FBI, DHS operation recovers NHL bobbleheads after wild investigation reveals heist, ransom, and 'cargo recovery team'

The NHL's Pittsburgh Penguins reported that they had recovered their shipment of 19,000 bobbleheads after 11 days of rescue missions that involved federal authorities and ransom demands.

The bobbleheads, which were meant to commemorate hockey legend Jaromir Jagr, were announced by the team as stolen when the shipment arrived in California in early March 2024.

Nearly two weeks later, team officials announced they had recovered the cargo as part of an operation that involved Los Angeles police forces, the Department of Homeland Security, and the FBI.

"They were due to arrive at the arena," Pittsburgh Penguins executive Kevin Acklin told KDKA. "They didn't arrive. At first, we heard that there was some engine trouble, and then it sounded like a group of extortionists had stolen the bobbleheads, maybe along with some other merchandise, and they were negotiating with the trucking company to release them."

Acklin, the team's president of business operations, told the local outlet that a person or persons used fake documentation to take the shipment of bobbleheads out of the holding facility.

"Somebody put fake paperwork in the hands of a distribution center," Acklin said. "They walked away or drove away with our product. And were starting to make contact with the company about delivering it back. Ultimately, it took about a week."

The shipping company then used its own "cargo recovery team" to acquire the shipment. The Penguins executive also alluded to the fact that the thieves made ransom demands but could not clarify if the shipping company paid a ransom.

"We weren't directly involved in paying any ransom," Acklin explained. "It was on the supplier to recover them and deliver them, and they did that. Now, I'm not sure 100% if they paid anything for that. My guess is that they probably did, and they have insurance for this kind of loss."

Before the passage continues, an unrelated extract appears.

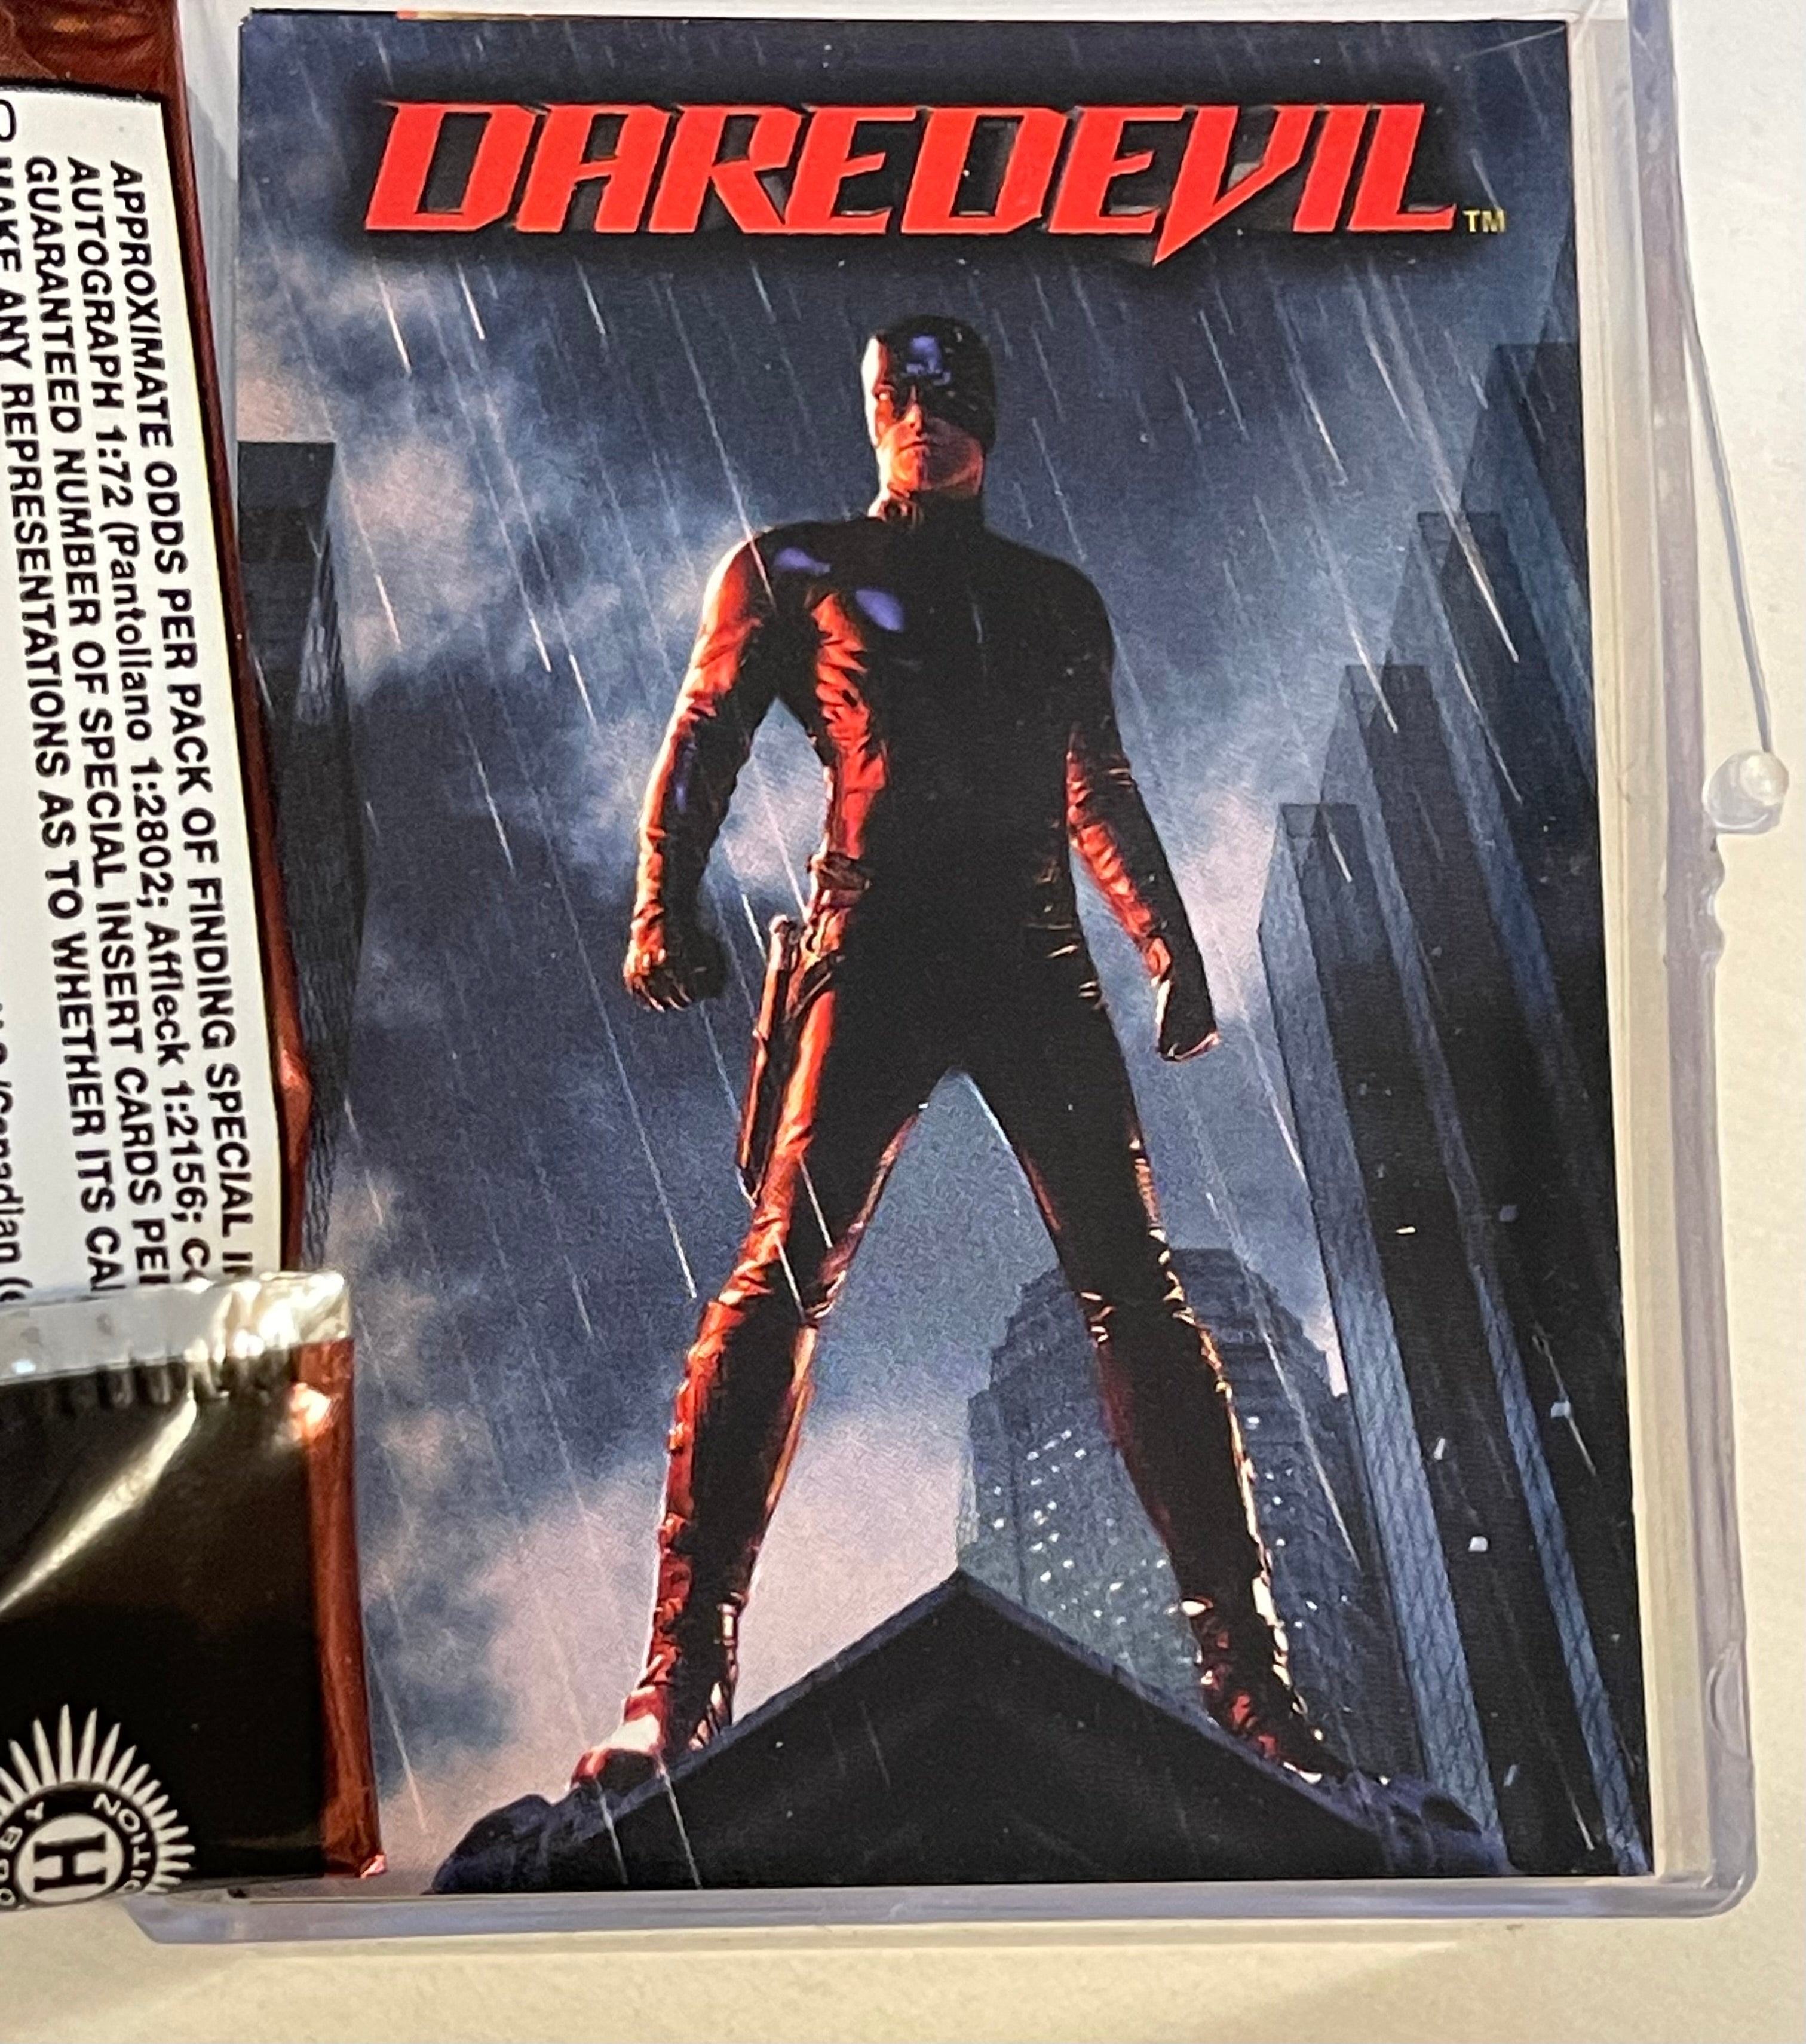 Daredevil movie Topps cards set 2003

The hockey executive said that the thieves had not been arrested but that the truck with the bobbleheads was indeed secured by the recovery team.

An official team announcement said that the "special cargo recovery team negotiated the return of the stolen property to a secure warehouse."

After the shipment initially went missing, the Penguins' publicity team quickly went to work and made light of the situation, capitalizing on the popularity of the all-time great player Jagr.

"Did anybody see my bubbleheads?? 18000 of them. Actually, I got one, missing 17,999. Let me know. Thank you," Jagr wrote on his X account.

The team then quickly filmed Jagr taking a fictional journey in his car to find the remaining figurines. That video prompted conspiracy theories that the shipment theft was a publicity stunt, with hosts on "The Pat McAfee Show" wondering if the story had been "a work" of fiction.

"Was the theft a publicity stunt?" a fan asked the hockey team directly on Instagram.

"They were actually stolen, unfortunately," the team replied. "All fans in attendance will receive a voucher that includes a one-time scannable barcode that will be required to pick up the bobblehead at a later date," the team added.

The cargo never it made it out of California, although Acklin had a moment of concern that they might have gone north of the border.

"I got the call, and they said we have the cargo, it's in Ontario. I'm like, 'How did they get to Canada?' But apparently, it was Ontario, California."

Ticket-holders will use vouchers to acquire the precious memorabilia that was promised to them nearly a month before.